It's election year and once again the issue of foreign direct investment has been raised by various politicians. The focus of attention is unquestionably on investment by Chinese investors.
There are New Zealanders concerned about the impact of significant investment by Chinese in New Zealand. Should they be? In my view, they should not.
New Zealand has long had foreign investment. In the early days it was from Britain. At different times we have had significant investment from Europe, the United States, Japan, and of course Australia.
The level of investment has tended to follow the relative strengths of different countries' global economic power at different times, and their connection to New Zealand. So it is no surprise that as China's global economic power rises - as does the level of trade between our two countries - more Chinese enterprises have sought to invest here.
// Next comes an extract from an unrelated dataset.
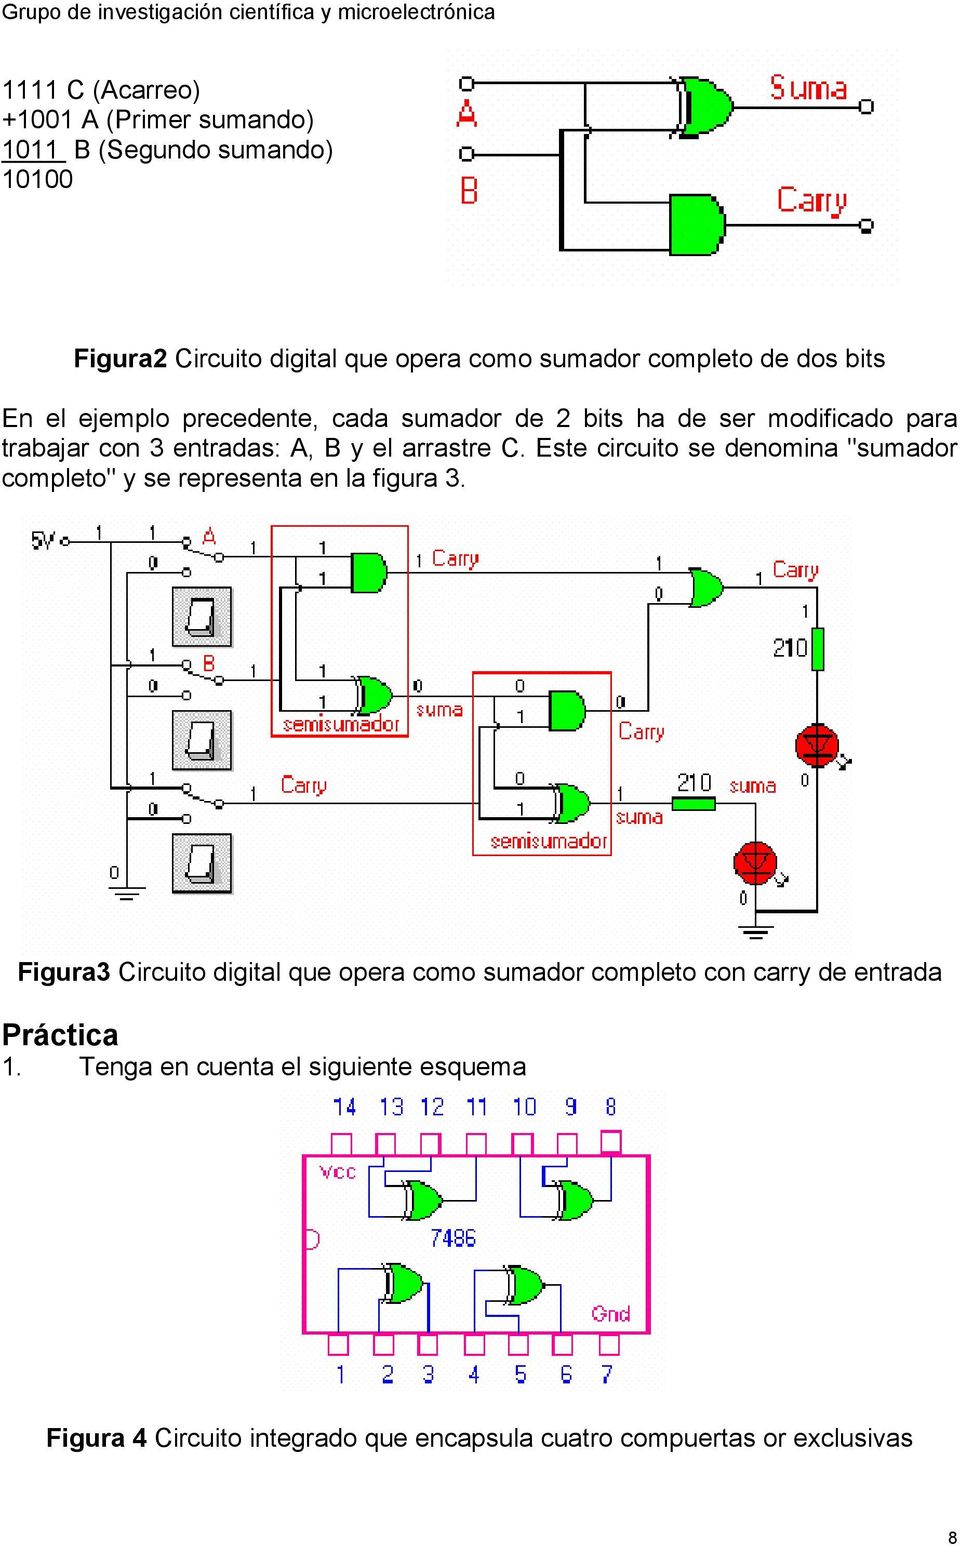 Este circuito se denomina "sumador completo" y se representa en la figura 3.

In my view, the current regulatory framework for foreign investment adequately protects New Zealanders from inappropriate foreign investment.
The Overseas Investment Office requires that any overseas persons behind an investment needing its consent are of good character. So we should not fear an invasion of those with doubtful links.
Investments by overseas persons in land-based transactions requiring approval must meet additional criteria; in particular, they must show that their investment can add to the New Zealand economy, over and above that which a New Zealand investor can show - there needs to be a real benefit to New Zealand from the investment.
We should be cautious about changing our regulatory environment in relation to foreign investment - particularly where that change is politically driven. In attracting international investment generally it is important to be seen as a country with transparent, clear rules.
Changing the rules on international investors can be damaging reputationally for us and have long lasting effects. Most international investors have choices about where they apply their capital. There are countries other than New Zealand wishing to attract foreign capital to grow their productive base.
It is a detriment to investment if a country is seen as fickle in its approach to foreign investment - especially if that fickleness is seen as politically based. New Zealand generally has a reputation for being transparent, its government agencies free from political interference and not racist. Changing foreign investment rules to make it more difficult for Chinese enterprises to invest here would be a backward step in New Zealand's standing in the international investment community.
That would be the case however we dress it up - if a change to the rules is seen as a response to limiting investment by Chinese investors (even if it is written in neutral language), we run the risk of being seen as racist.
We should also reflect on the fact that making it harder for Chinese enterprises to invest in New Zealand may well impact negatively on New Zealanders seeking to obtain the best price for the business they have grown or property they own.
Here is a question to think about - would it really be fair to say to an ordinary hardworking Kiwi that you cannot sell your business or property to Mr or Ms X from China who offers you $1 million more than someone else because of the country of origin of the buyer? But it would be fine if they came from England or Europe?
New Zealanders should not panic about the level of Chinese investment here. In the year ending March 31 2013, total investment from China (including Hong Kong) only represented 2 per cent of all investment in New Zealand for that year.
If we look just at foreign direct investment from China, including recently announced projects that are still undergoing regulatory approvals, the total of Chinese investment would still be less than 5 per cent. That does not suggest a flood of Chinese investors buying up New Zealand businesses and property.
China is New Zealand's largest trading partner and has just become our largest export market. That reflects the desire by China for the products New Zealand excels at producing. As the Chinese economy grows and the wealth of its people rises this should increase demand for New Zealand products and services. Encouraging investment in additional production capacity in New Zealand by Chinese investors can be a win-win.
The Bright Dairy investment in Synlait Milk during the global financial crisis is a good example of this. Synlait Milk needed additional capital to continue to grow and Bright Dairy provided it. As a result Synlait Milk was able to execute on its plans. This then assisted Synlait Milk in achieving a successful listing on NZX and providing the opportunity for more New Zealanders to invest in a fast growing company.
Given the integrity of New Zealand's regulatory framework and the opportunity China represents to New Zealand I do not think New Zealanders have anything to fear from further investment by Chinese enterprises in New Zealand.
• Cathy Quinn is the Chair of Minter Ellison Rudd Watts and a senior corporate and commercial lawyer who leads the firm's China team.